-- SOURCE DATA --
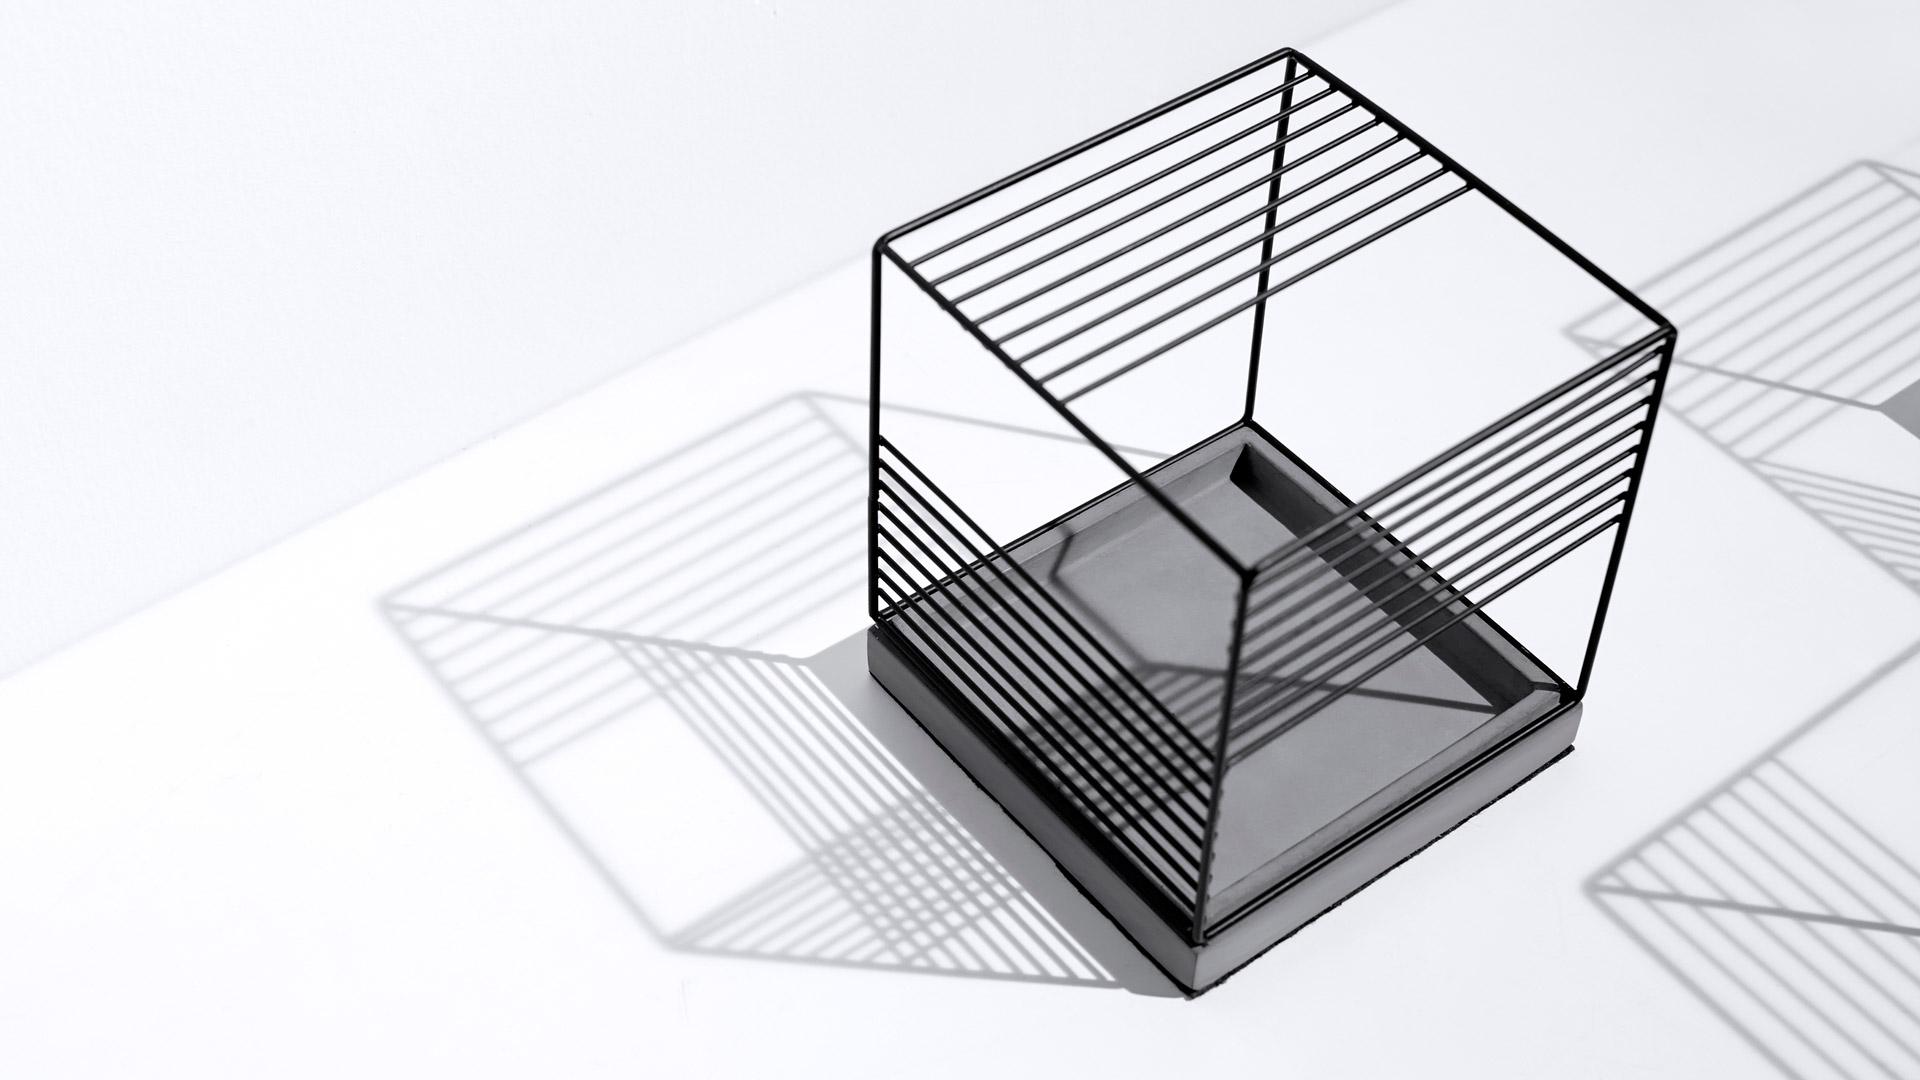 水泥底盘与金属架采用可分离设计,金属架其中一面可内嵌于水泥底盘,面与线的别致游戏,自由掌控光与气的呼吸吐纳。?x-oss-process=image/format,jpg/interlace,1
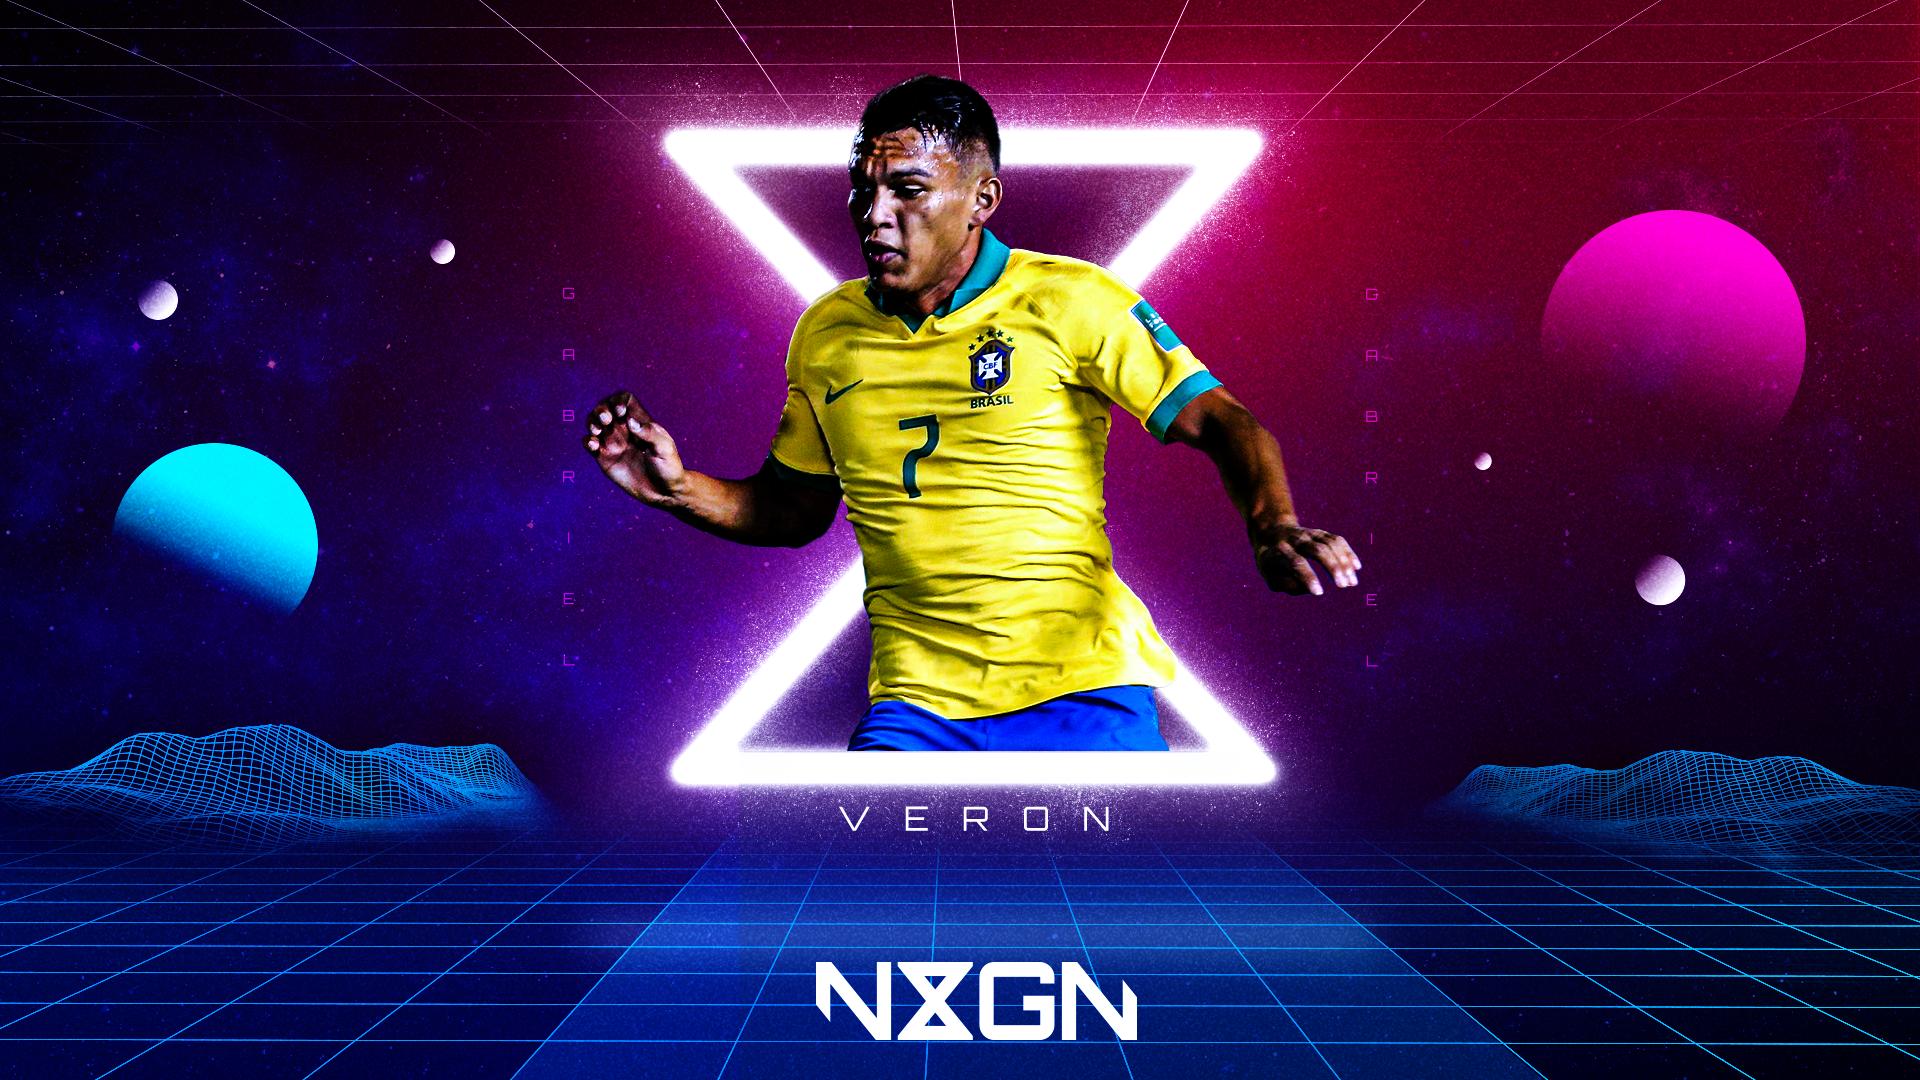 Gabriel Veron: Brazil's teenage star named after an Argentina legend
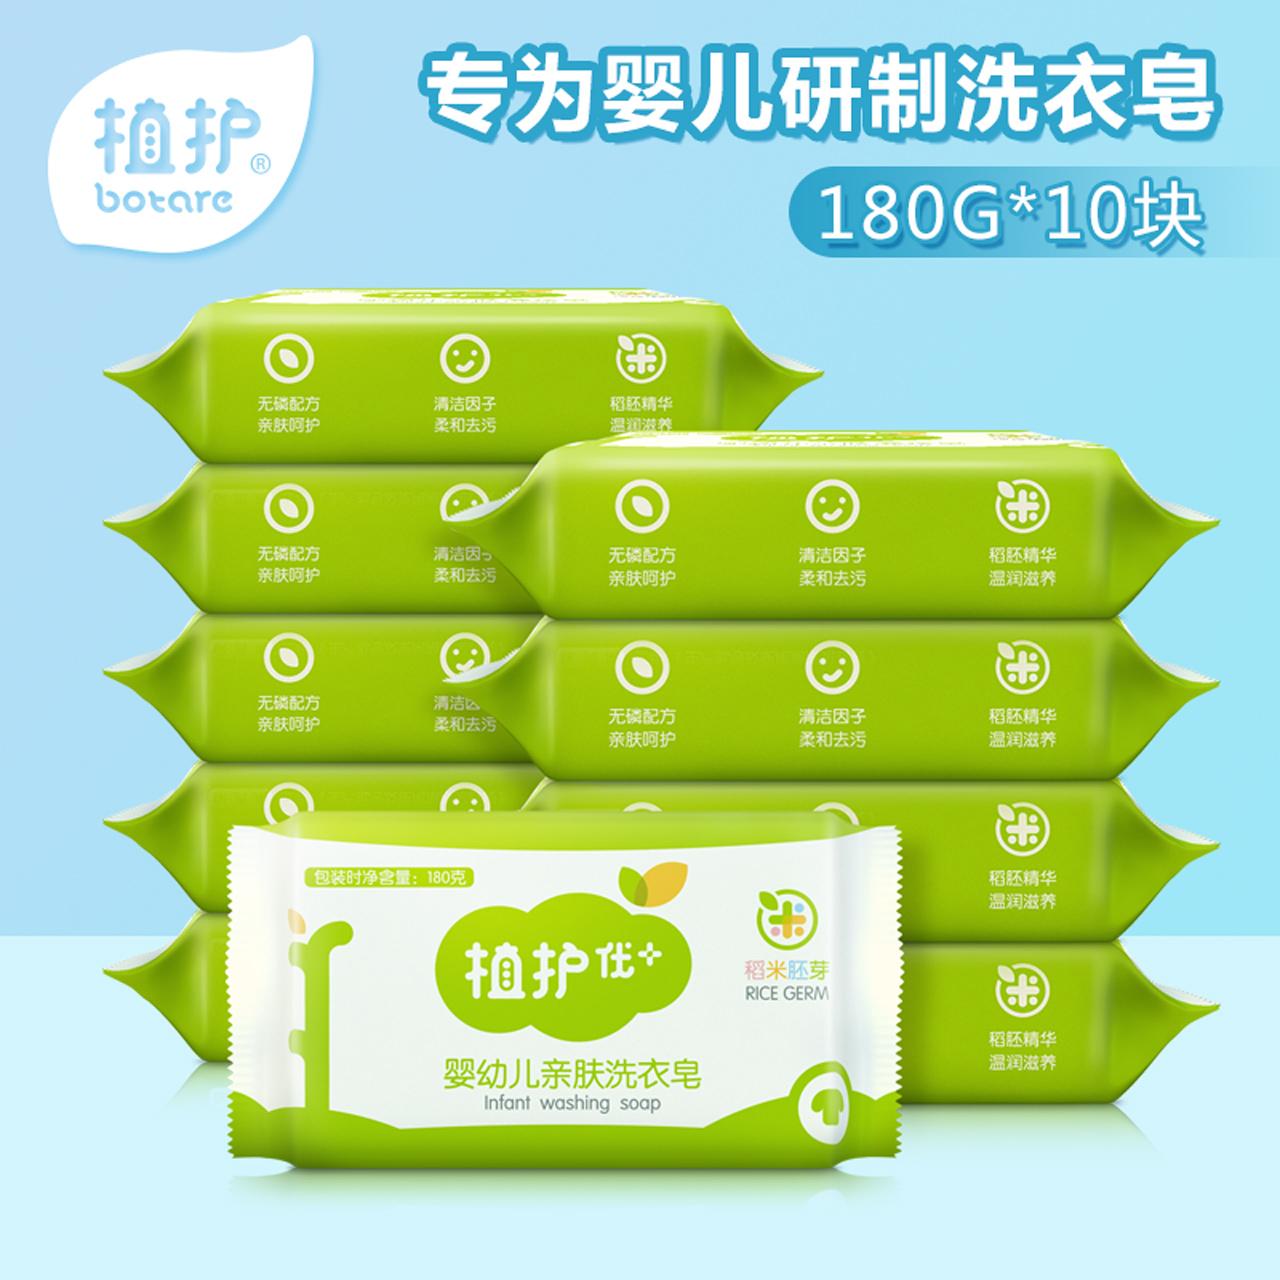 植护 婴儿洗衣皂180g*10 宝宝婴儿皂 肥皂婴幼儿童尿布皂BB皂
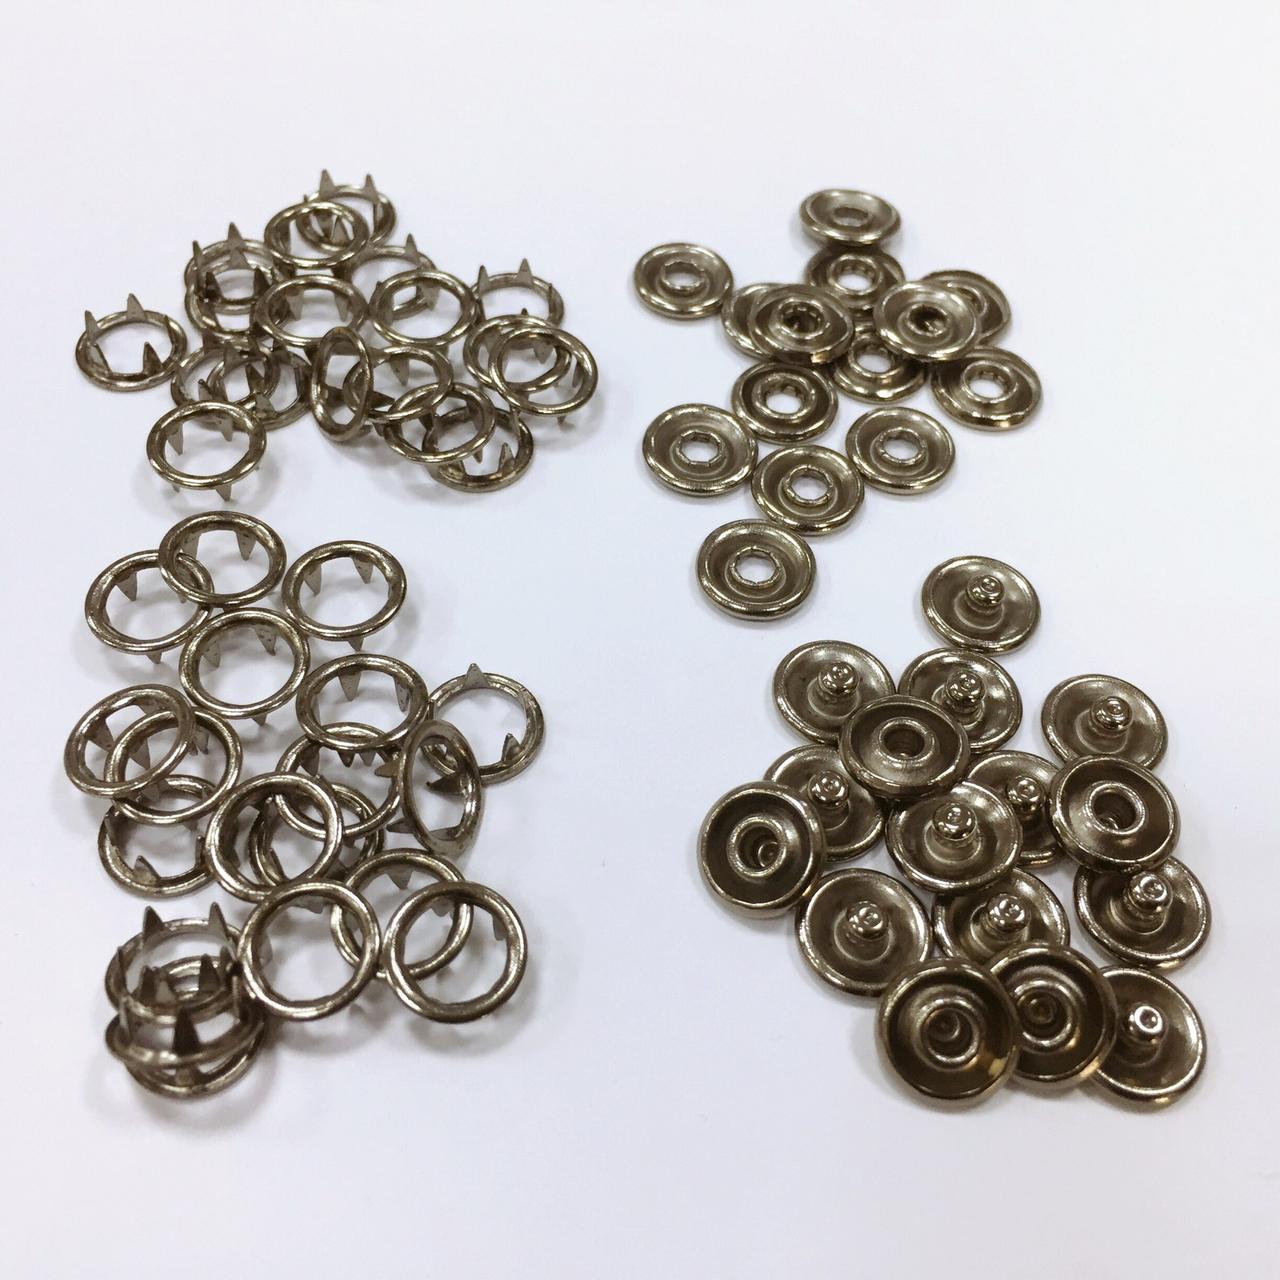 Кнопка с шипами д/детск одежды 9,5 мм цв черный никель (уп 144шт) МН

-- WHAT THE TASK ASKS --
Pictures are to be omitted. The lines from the line holding "植护 婴儿洗衣皂180g*10 宝宝婴儿皂 肥皂婴幼儿童尿布皂BB皂" through the closing line of the data above are to be set down exactly, and nothing more.

-- RESPONSE BELOW --
 植护 婴儿洗衣皂180g*10 宝宝婴儿皂 肥皂婴幼儿童尿布皂BB皂
 Кнопка с шипами д/детск одежды 9,5 мм цв черный никель (уп 144шт) МН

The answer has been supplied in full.